WHAT THIS TASK INVOLVES: Transcribe each line below verbatim; pictures excluded.

STORED DATA:
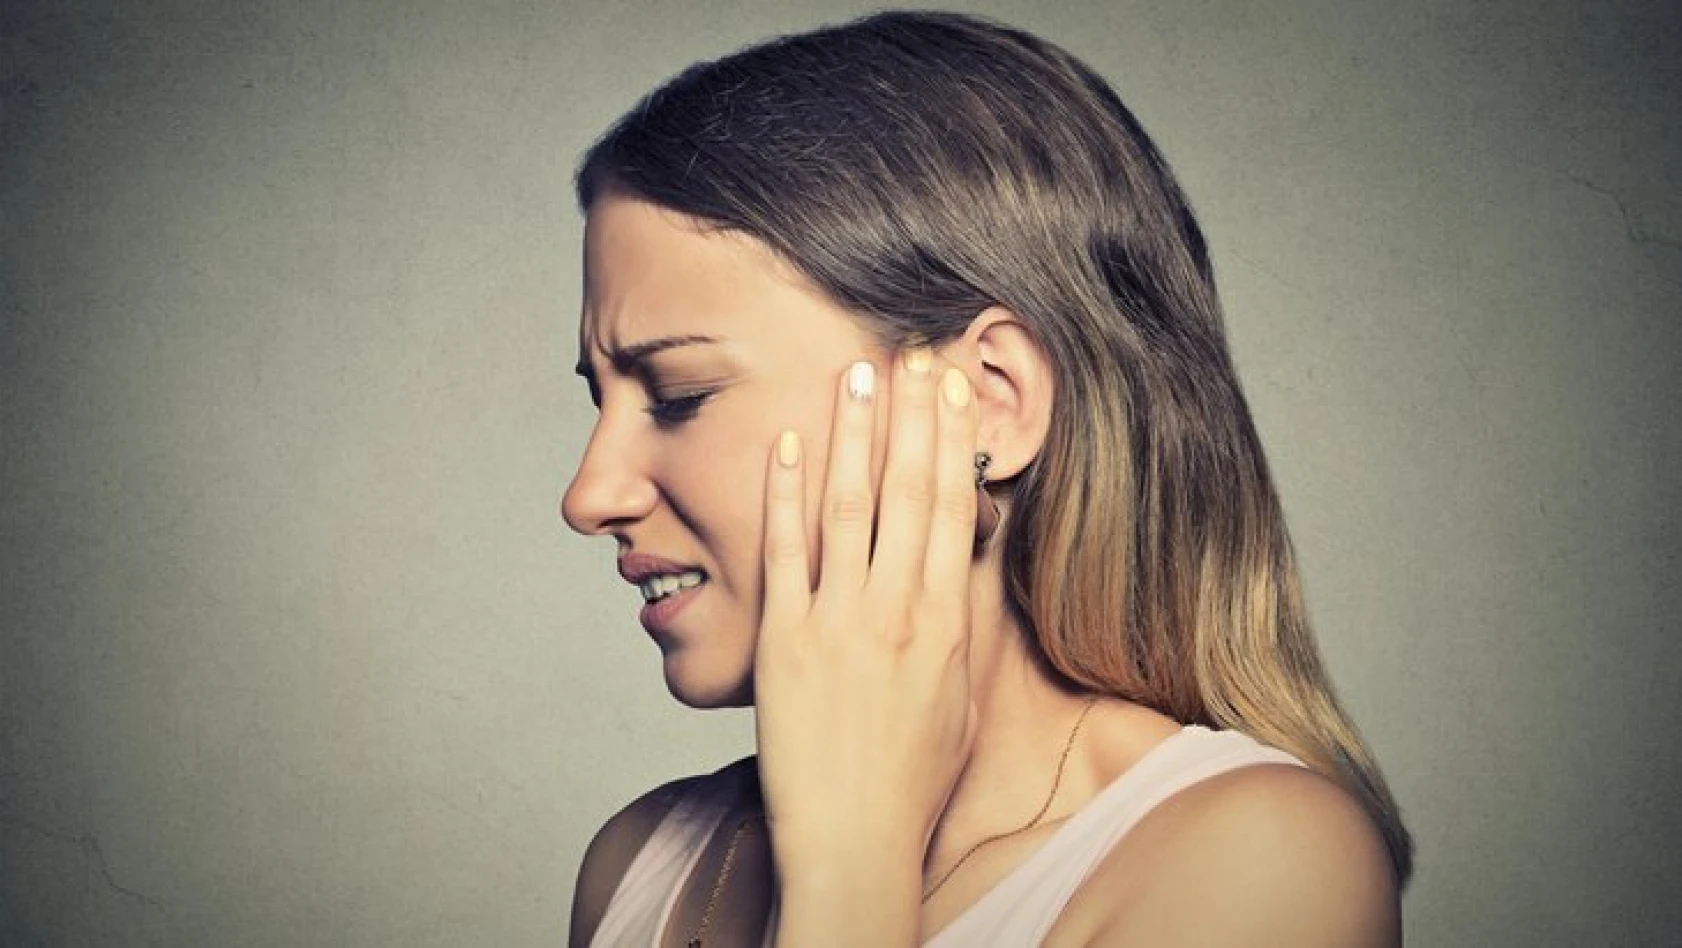 Kulak ağrısının 6 önemli nedeni
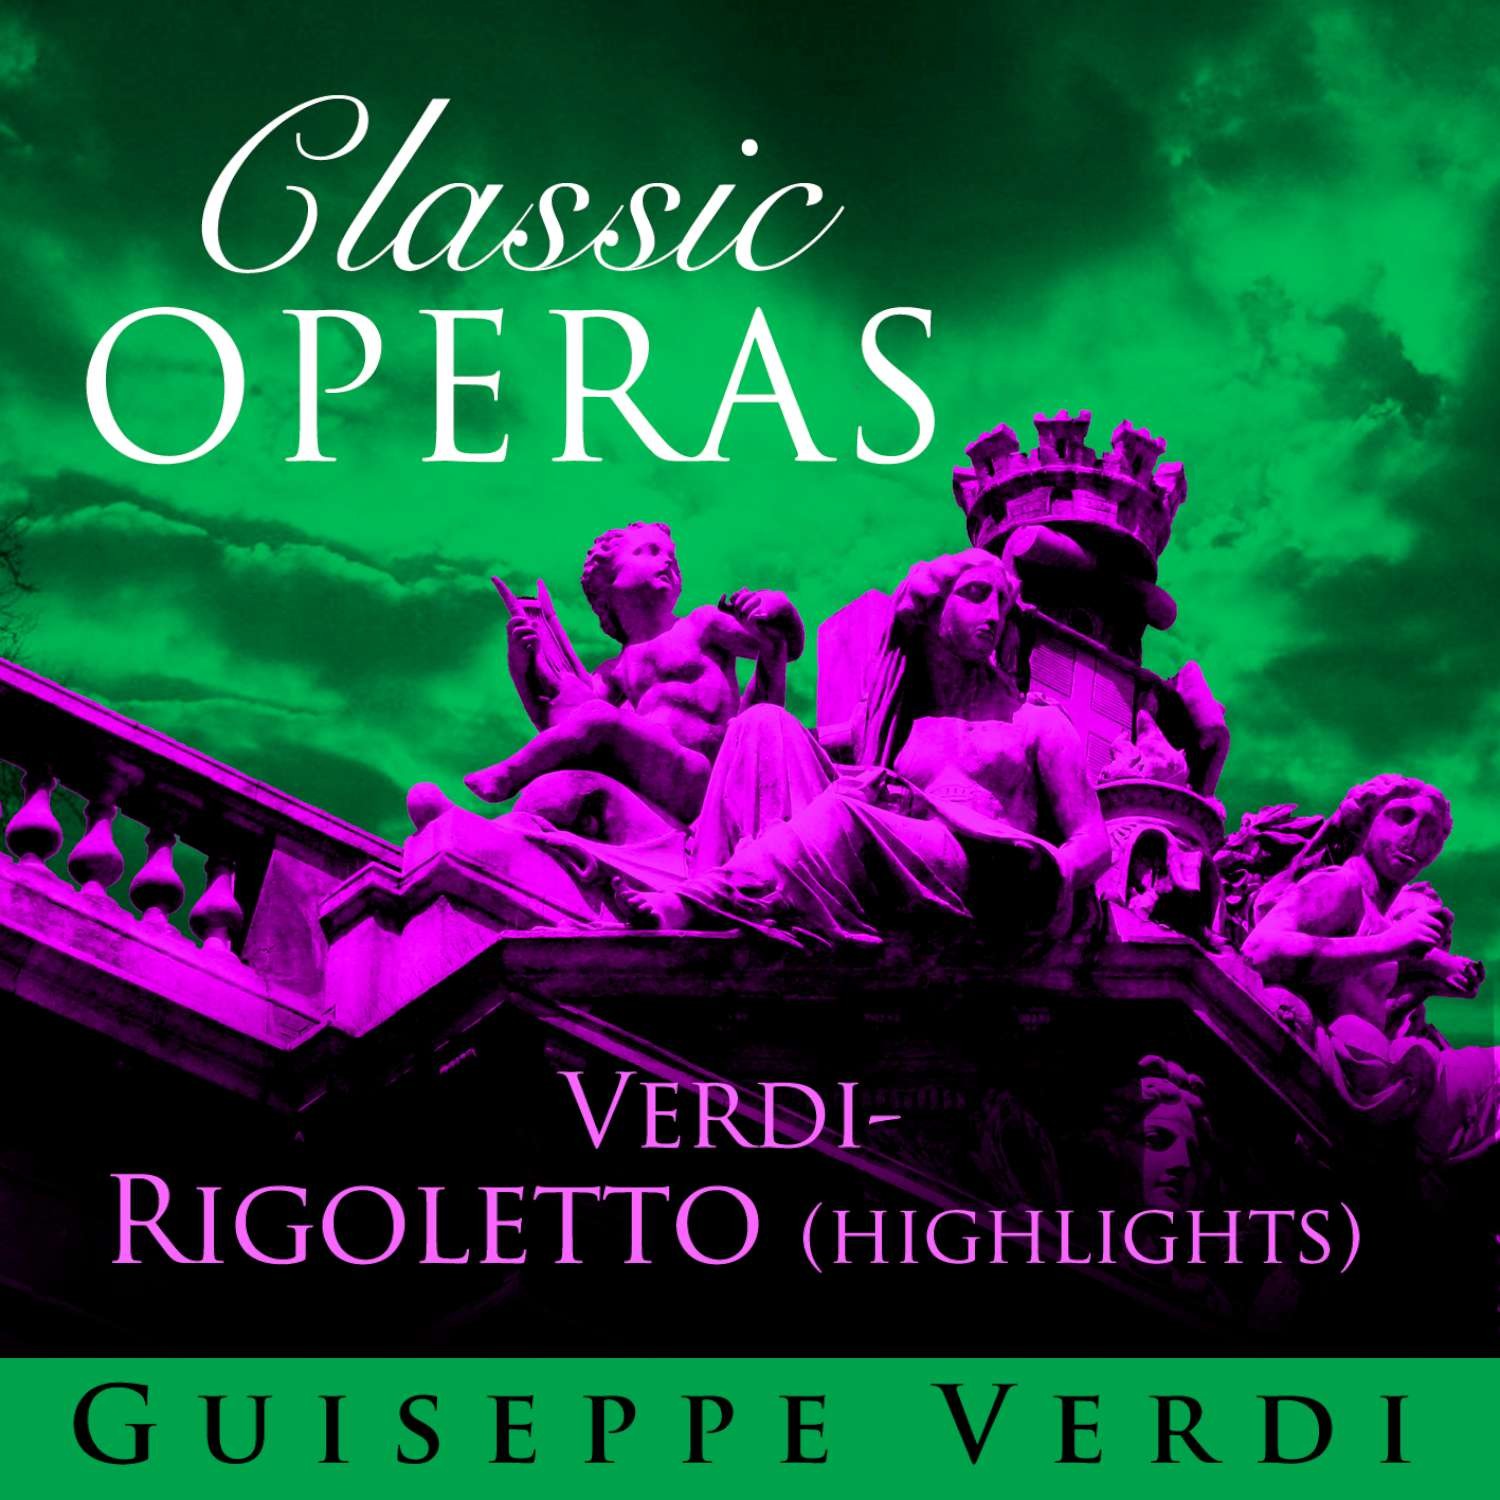 Classic Opera's - Rigoletto Highlights
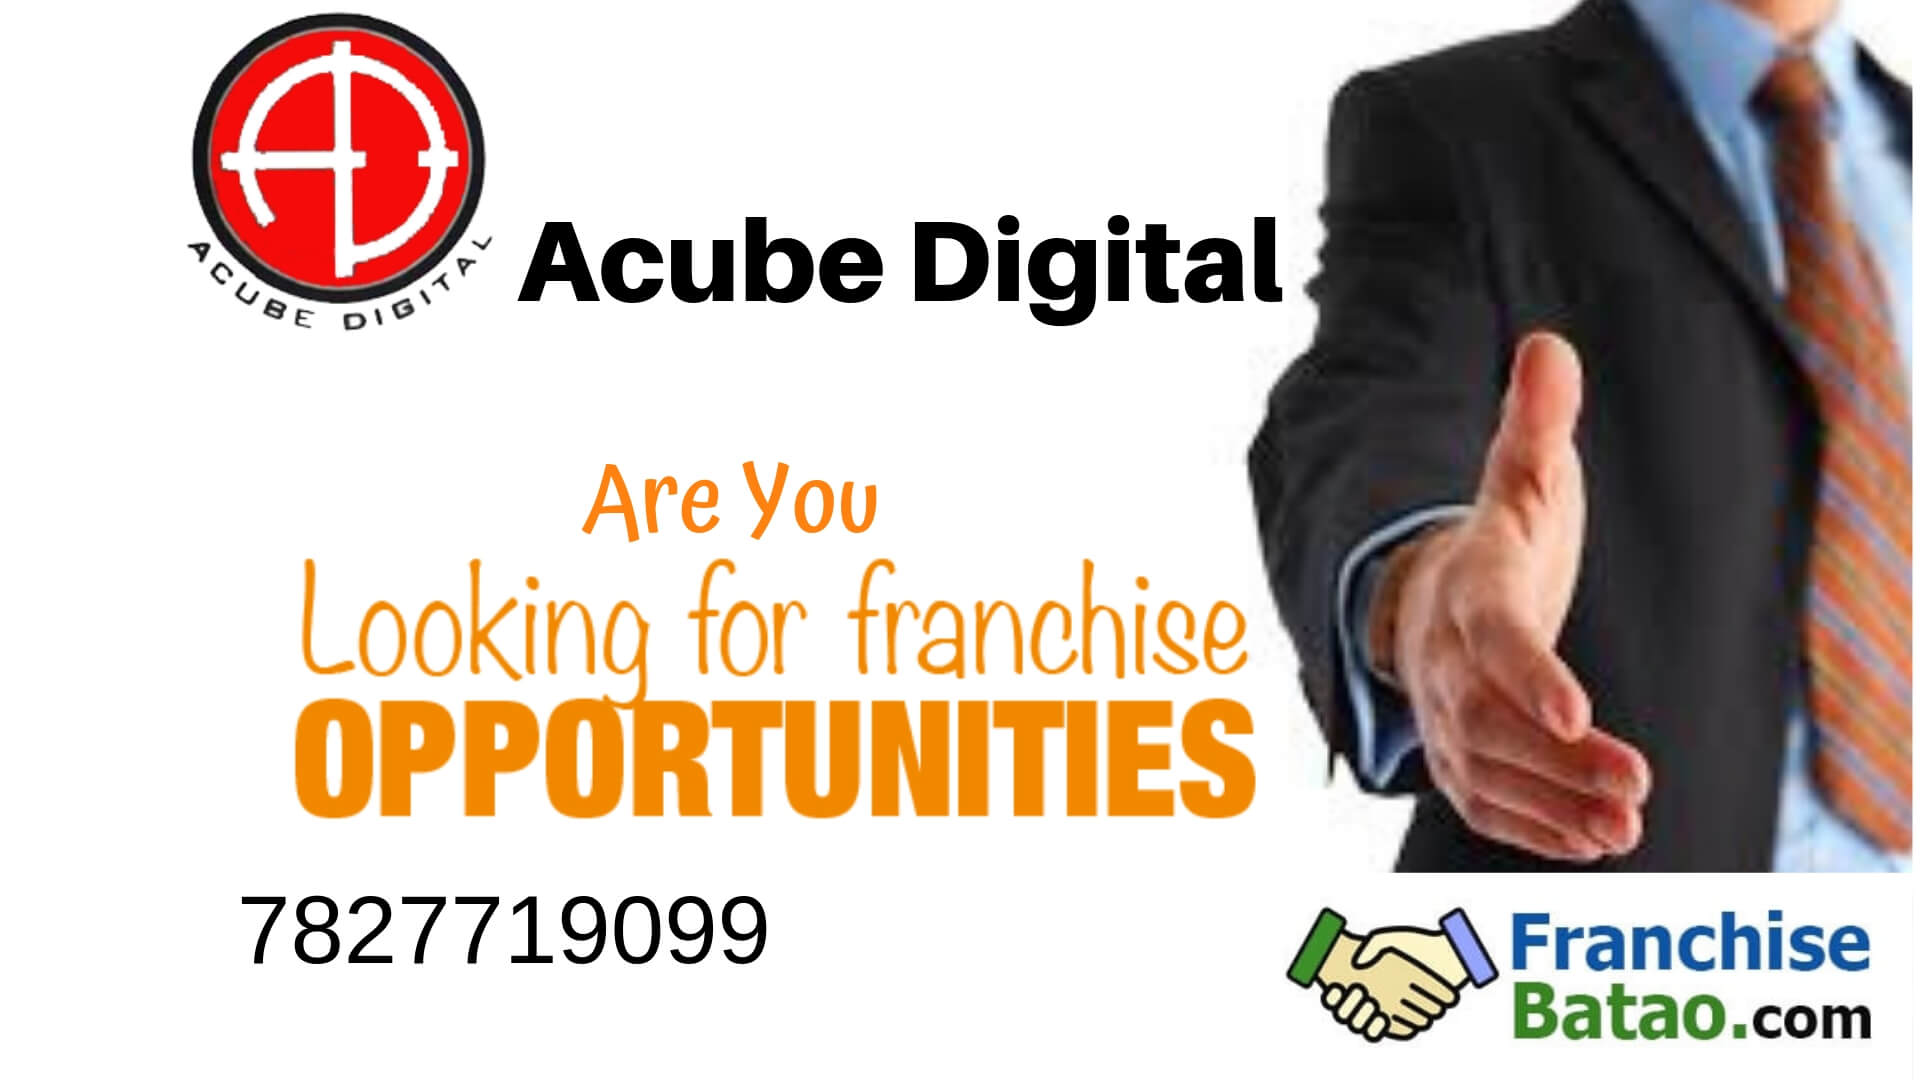 Acube Digital Marketing Franchise
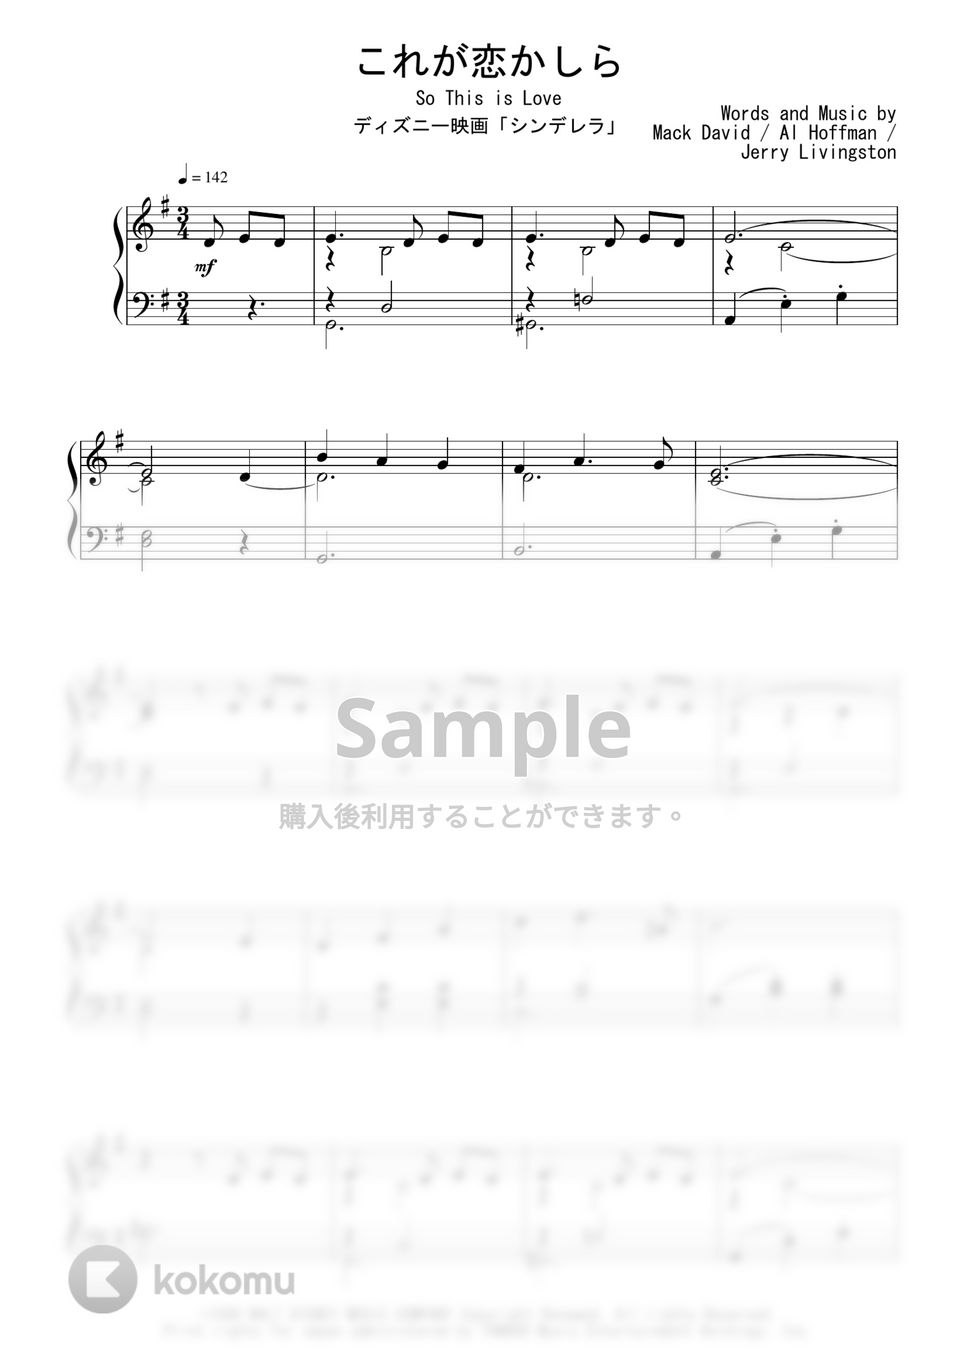 ディズニー映画『シンデレラ』OST - これが恋かしら by Peony

WRITTEN ANSWER:
 Kulak ağrısının 6 önemli nedeni
 Classic Opera's - Rigoletto Highlights
 Acube Digital Marketing Franchise
 ディズニー映画『シンデレラ』OST - これが恋かしら by Peony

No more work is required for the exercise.